Estoy de acuerdo con que traducción sea: The squeaky wheel gets the grease.

But:

¿Podríamos decirlo de una manera tal que se parezca más al dicho en español?
Por ejemplo: a non squeaky wheel does not get the grease.


----------



## gengo

Galván said:


> ¿Podríamos decirlo de una manera tal que se parezca más al dicho en español?
> Por ejemplo: a non squeaky wheel does not get the grease.


No, that sounds unnatural.  Why change the original English?  It is a common expression and has the same meaning as the Spanish.

As an example of how language reflects culture, in Japanese the saying is the opposite:  _The peg that sticks out gets hammered_.  That is, keep quiet and don't complain.


----------



## Galván

gengo said:


> No, that sounds unnatural.  Why change the original English?  It is a common expression and has the same meaning as the Spanish.
> 
> As an example of how language reflects culture, in Japanese the saying is the opposite:  _The peg that sticks out gets hammered_.  That is, keep quiet and don't complain.


Pero en español se puede decir : bebé que llora mama y se entiende bien.


----------



## gengo

Galván said:


> Pero en español se puede decir : bebé que llora mama y se entiende bien.

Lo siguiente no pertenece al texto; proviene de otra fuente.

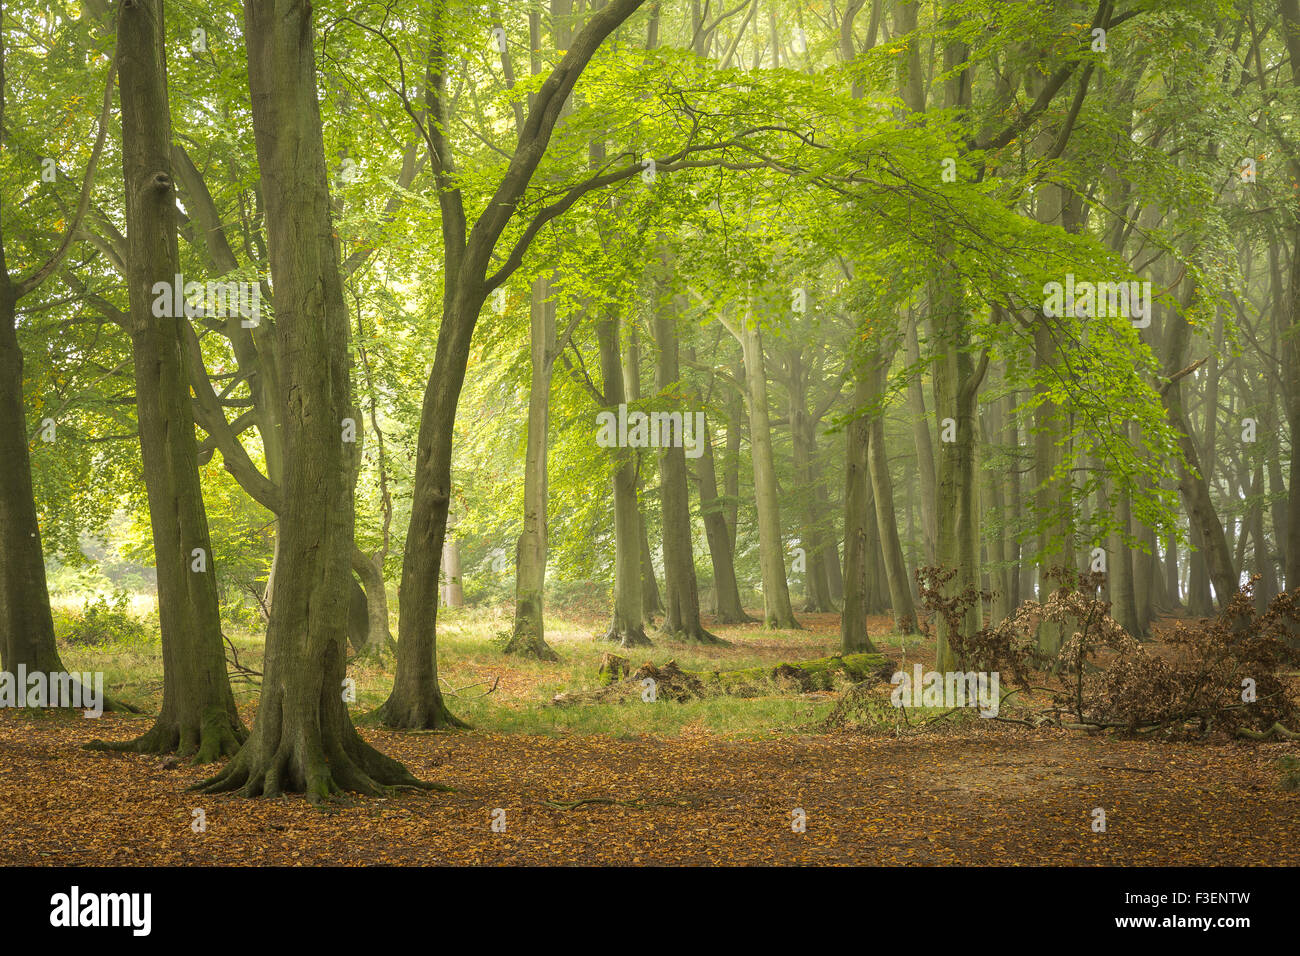 Les hêtres au début de l'automne en bois Dockey, Hertfordshire, Angleterre, Royaume-Uni. Banque D'Images

Well, "a silent wheel gets no grease" would be understood, too, but the other person would wonder why you changed the expression.


----------



## HPG;PGL

katia1 said:


> ¿Cómo se podría decir este refrán español en inglés?
> 
> Quiere decir que aquellas personas que no piden, se quejan, exigen...no consiguen nada porque nadie da nada si no se le pide.
> 
> Gracias a todos y un saludo


En Ingles (British English)el refrain mas popular es; "The crying baby gets the most milk"
HPG;PGL


----------